Information supplied:
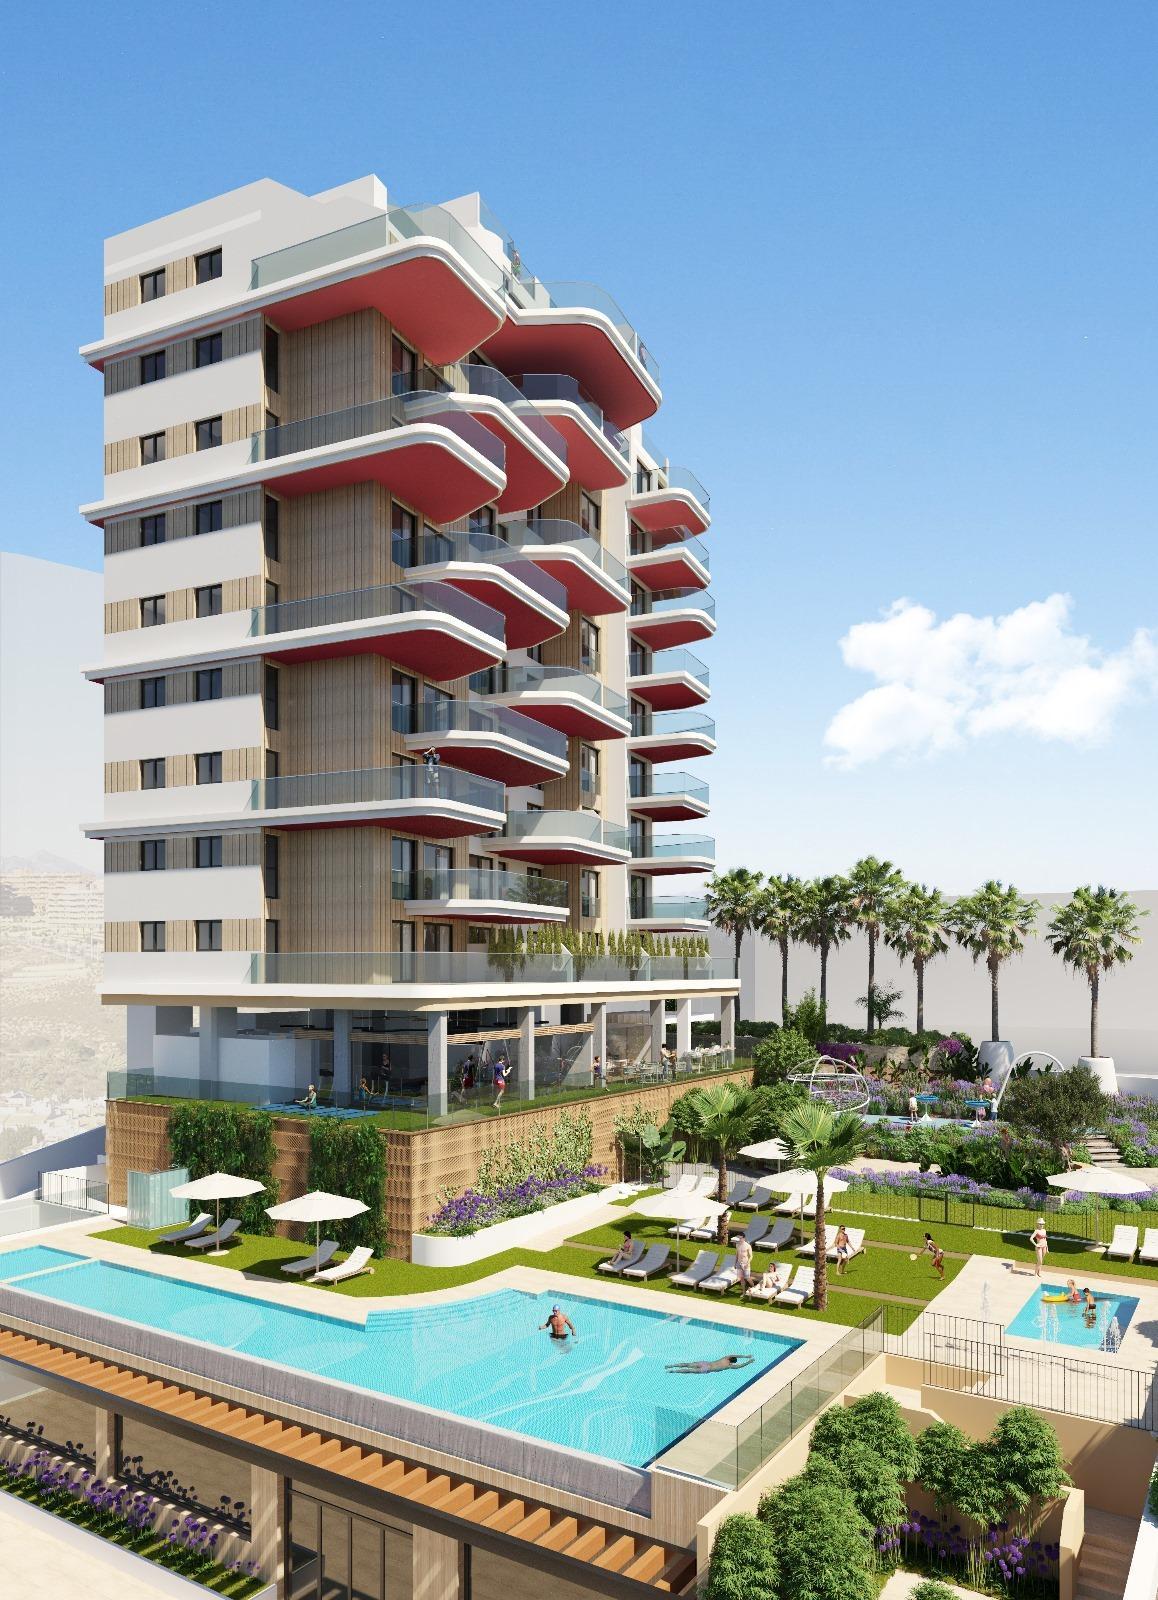 NEW BUILD APARTMENTS IN CALPE

New Build residential complex of aprtments in Calpe.

Modern apartments with 2 and 3 bedrooms, 2 bathrooms, open plan kitchen with living room, fitted wardrobes and terraces.

Some of the properties have sea views.

The common areas have a swimming pool for adults and children, a children’s play area.

Each apartment has a parking space and storage room in the basement.

Calpe, one of the towns of La Marina Alta, lies on the northern coast of the province of Alicante, surrounded by the towns of Altea, Benidorm, Teulada-Moraira, Benissa.

Calpe has a wonderful mixture of old Valencian culture and modern tourist facilities. It is a great base from which to explore the local area or enjoy the many local beaches. Calpe alone has three of the most beautiful sandy beaches on the coast.

Calpe also has two Sailing Clubs: Real Club Náutico de Calpe and Club Náutico de Puerto Blanco.

Fishing village of Calpe now transformed into a tourist magnet, the town sits in an ideal location, easily accessed by the A7 motorway and the N332 that runs from Valencia to Alicante; its approximately 1 hour drive from the airport at Alicante and 1,5 hours to Valencias airport.

Exercise aim: The answer must be an exact copy of the records above, with the pictures left out.

Answer for this exercise:
 NEW BUILD APARTMENTS IN CALPE

New Build residential complex of aprtments in Calpe.

Modern apartments with 2 and 3 bedrooms, 2 bathrooms, open plan kitchen with living room, fitted wardrobes and terraces.

Some of the properties have sea views.

The common areas have a swimming pool for adults and children, a children’s play area.

Each apartment has a parking space and storage room in the basement.

Calpe, one of the towns of La Marina Alta, lies on the northern coast of the province of Alicante, surrounded by the towns of Altea, Benidorm, Teulada-Moraira, Benissa.

Calpe has a wonderful mixture of old Valencian culture and modern tourist facilities. It is a great base from which to explore the local area or enjoy the many local beaches. Calpe alone has three of the most beautiful sandy beaches on the coast.

Calpe also has two Sailing Clubs: Real Club Náutico de Calpe and Club Náutico de Puerto Blanco.

Fishing village of Calpe now transformed into a tourist magnet, the town sits in an ideal location, easily accessed by the A7 motorway and the N332 that runs from Valencia to Alicante; its approximately 1 hour drive from the airport at Alicante and 1,5 hours to Valencias airport.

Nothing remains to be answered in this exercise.